White Elephant Art vs. Termite Art, Manny Farber, Film Culture, no. 27 (Winter 1962-63).
https://youtube.com/shorts/MPBnqPo5m50?si=-unaui2ipmbo2_yp
Acting through parasitation, telescoping, fantasy, friction, counter-meaning or friendship, La morsure des termites attempts a speculative rereading of art history seen through the prism of graffiti. Graffiti is not a subject or an aesthetic, but an experience, an attitude, an imaginary, an underground thought. An experience of illegality and broken windows, of the wandering of bodies in motion, an attraction to perspectives without light, a romanticism of vandalism that cares for things as much as it damages them, a fascination with visible or invisible languages that confront the precarious matter of reality, shaping themselves with it while transforming it.

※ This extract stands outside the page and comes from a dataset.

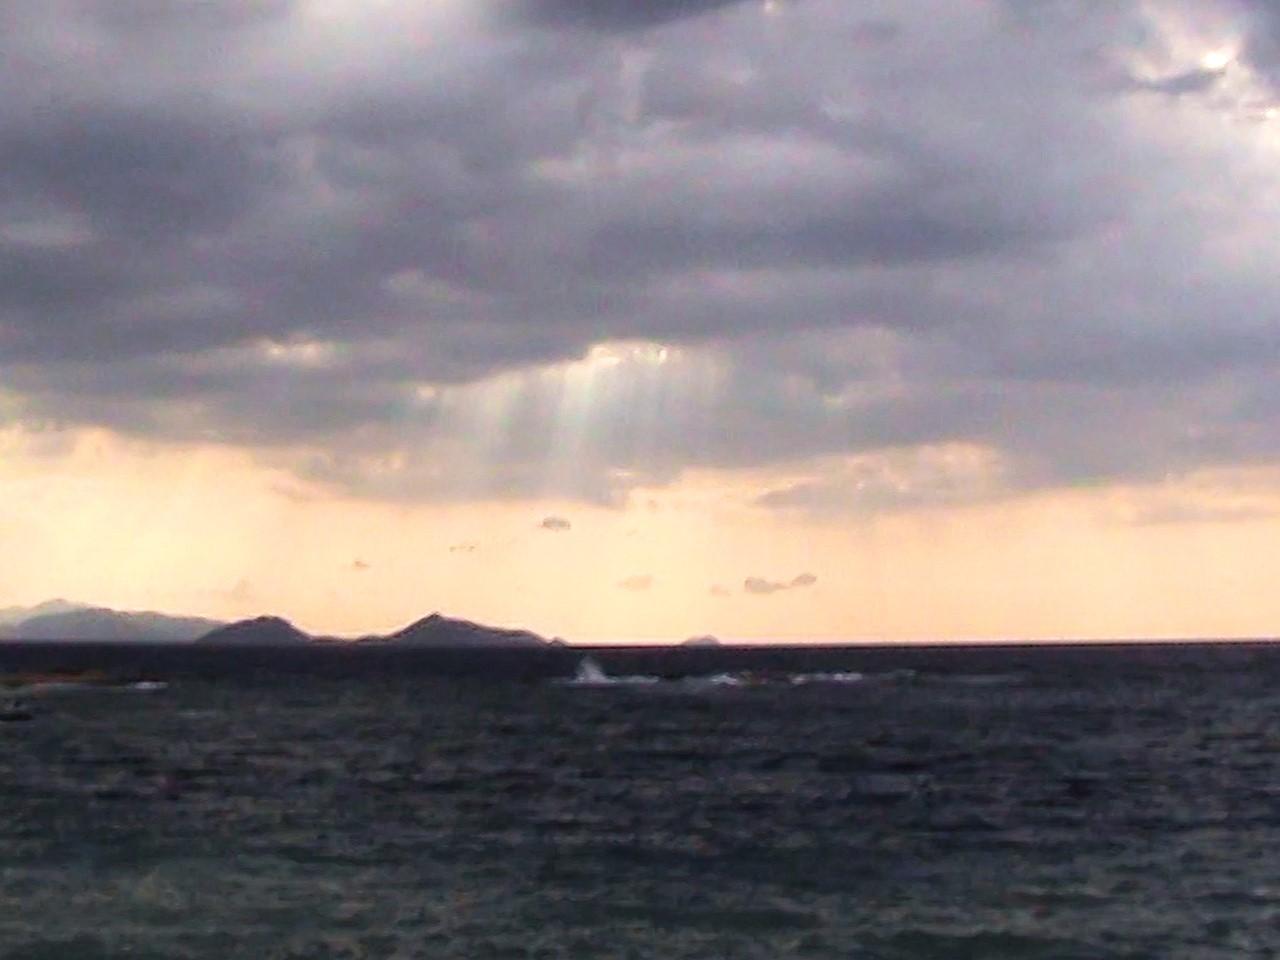 """Το 4ο διαδικτυακό φεστιβάλ της ΕΛΣ """"Μεσόγειος έρημος"""" έρχεται στην GNO TV από τις 12 έως τις 26 Απριλίου"""

Combining and breaking with the Lasco project, which for the past 10 years has welcomed urban art into the secret spaces of the Palais de Tokyo, the exhibition provokes a fragmented, sometimes cryptic, dialogue between some fifty artists of varying degrees of recognition, if any at all. In an essay published in 1962, Manny Farber contrasts termite artists with white elephant artists. Termite artists express themselves in practices that are more difficult to grasp and manipulate.
Structurally conceived as an invisible city, in reference to Italo Calvino's work from which the exhibition borrows its title, we enter La morsure des termites as we would Tamara's city: through "streets bristling with signs sticking out of the walls", where "the eye sees not things but figures of things that signify other things".